In October 2007, the ICE agents lured Ardebili to an Eastern European country with the promise of buying gyroscopes and radar components. The law-enforcement sources declined to name the European nation involved, but another source confirmed that it was Georgia and that the sting operation took place in the capital of Tbilisi.

The ICE agents, posing as shady U.S. arms salesmen, captured their negotiations with Ardebili on videotape, officials said, and he was arrested by Georgian police on Oct. 2, 2007. Prosecutors in Wilmington won his extradition to the United States from Georgia in January 2008.

To pursue the leads from Ardebili's laptop, U.S. authorities kept the case under wraps in Wilmington for nearly two years. But in recent months the Iranian government and associated groups had begun to make public but cryptic statements about Ardebili.

In October, Iran's foreign minister, Manouchehr Mottaki, complained to the United Nations that the United States had kidnapped or tried to seize four Iranians, including a man identified only by the last name Ardebili. Those reports focused on reports that some of the men were nuclear scientists. Ardebili is believed to be an engineer and arms dealer; there is no indication that he bought or tried to buy any nuclear-related items, a U.S. official said.

According to an Iranian newspaper account translated by the BBC, the foreign minister alleged that Ardebili was a merchant who was improperly extradited from Georgia to the United States. According to news accounts at the time, the foreign minister raised the issue of the four Iranians during a face-to-face meeting with U.N. Secretary General Ban Ki-moon.

The ICE investigation is part of a larger effort to prevent sensitive and restricted technology from making its way to Iran and China. According to U.S. government reports, the majority of prosecutions in such cases - including the illegal export of stealth technology, military aircraft components, warship data, and night-vision equipment - have involved Iran or China.
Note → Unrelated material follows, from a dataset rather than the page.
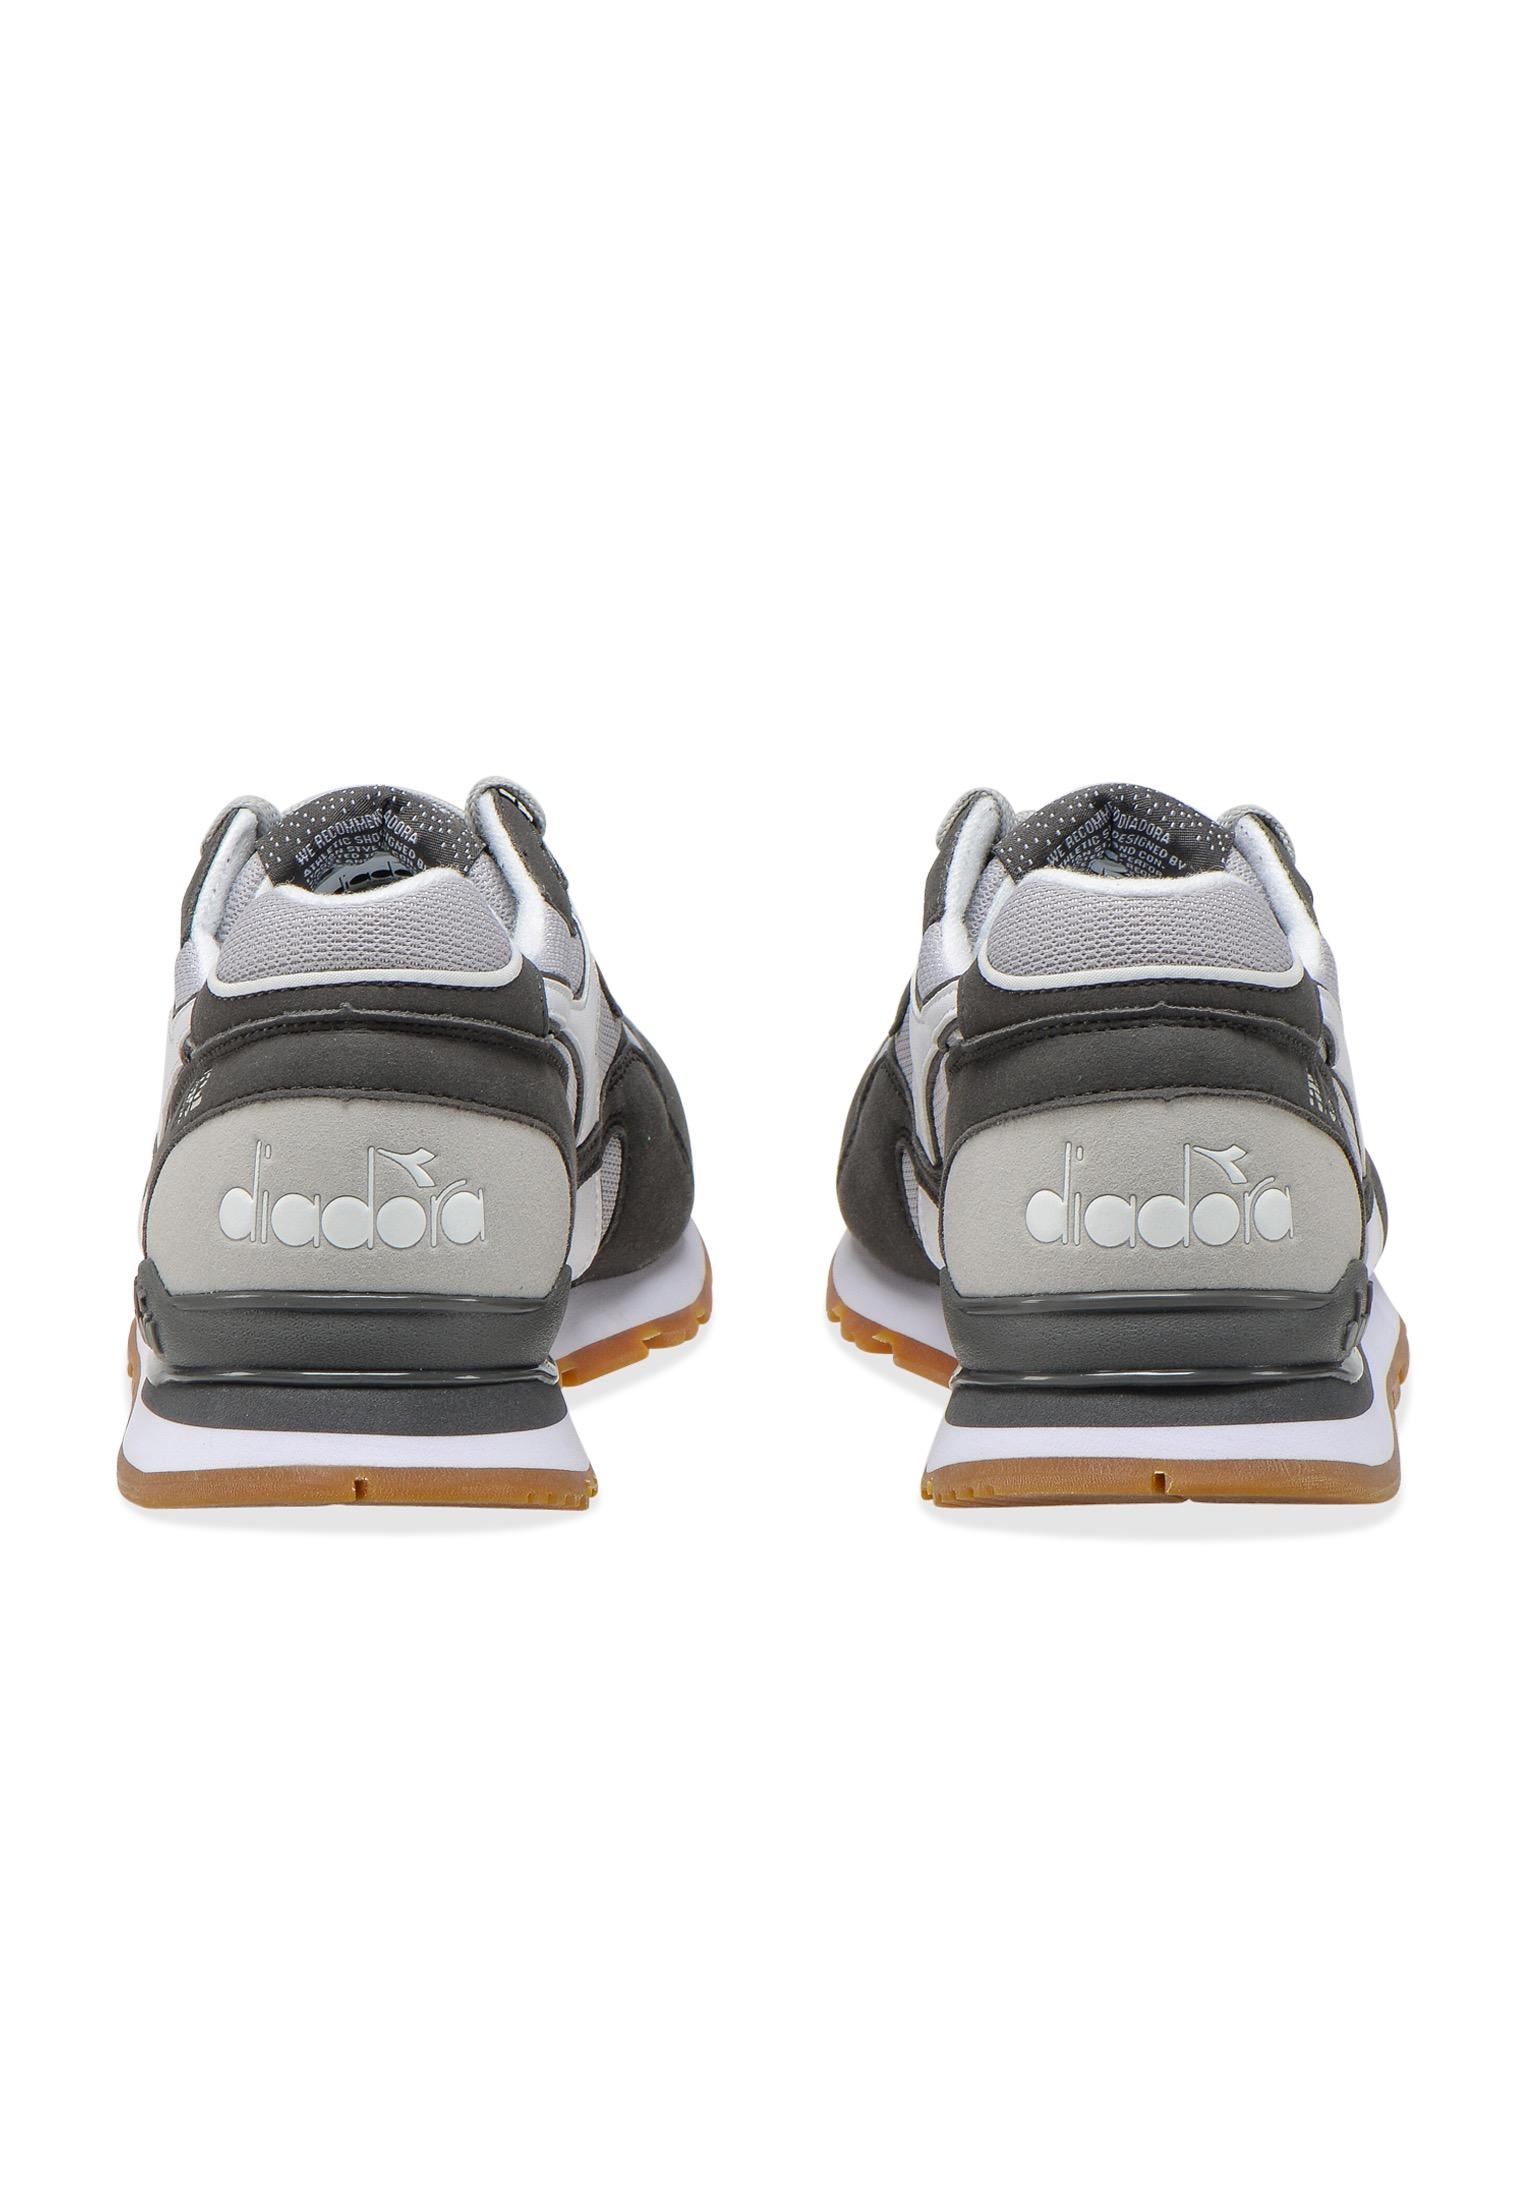 miniatura 49 - Diadora - Sneakers N.92 per uomo e donna
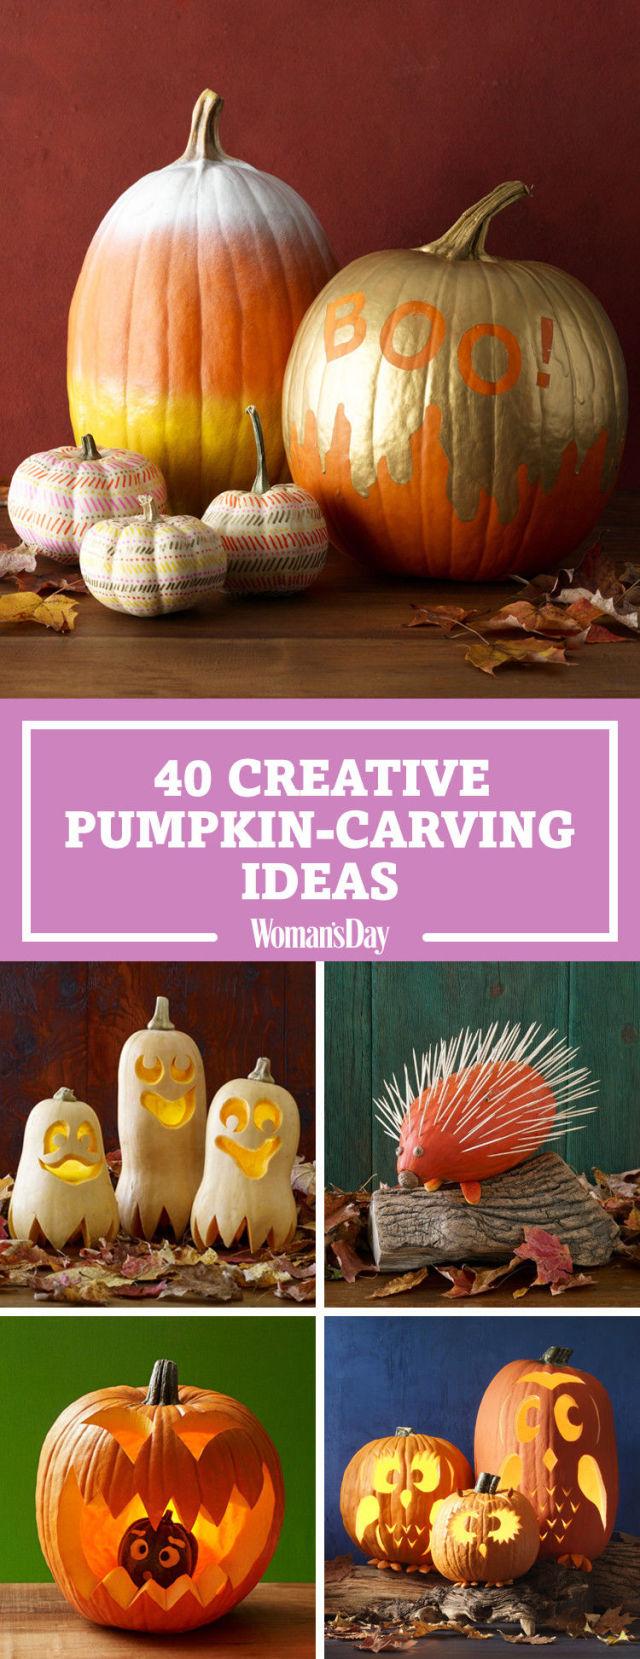 65 best pumpkin carving ideas halloween 2017 creative jack o lantern designs - Creative Halloween Pumpkin Carving Ideas

ICE, the FBI, and other law-enforcement agencies have arrested hundreds of people who have violated export laws that ban unlicensed sales of sensitive military equipment and any military sales to Iran and other hostile nations. In fiscal 2007 and 2008, ICE made 333 such arrests, the agency says on its Web site.

Nearly all of those cases were made against buyers or sellers inside the United States. Last week, for example, a Belgian national pleaded guilty, following his arrest in New York, to conspiracy to export F-5 fighter-jet engines and parts to Iran. Later this month, a Chester County business owner named Ali Amirnazmi is scheduled to be sentenced in Philadelphia for illegally selling chemical-related software to Iran.

The Ardebili investigation is not related to a pair of terrorism cases unveiled last week in Philadelphia. In those cases, FBI and ICE undercover agents allegedly sold shoes, video games, and ultimately machine guns and military gear to people in Michigan, Slovakia, and Lebanon with links to the group Hezbollah.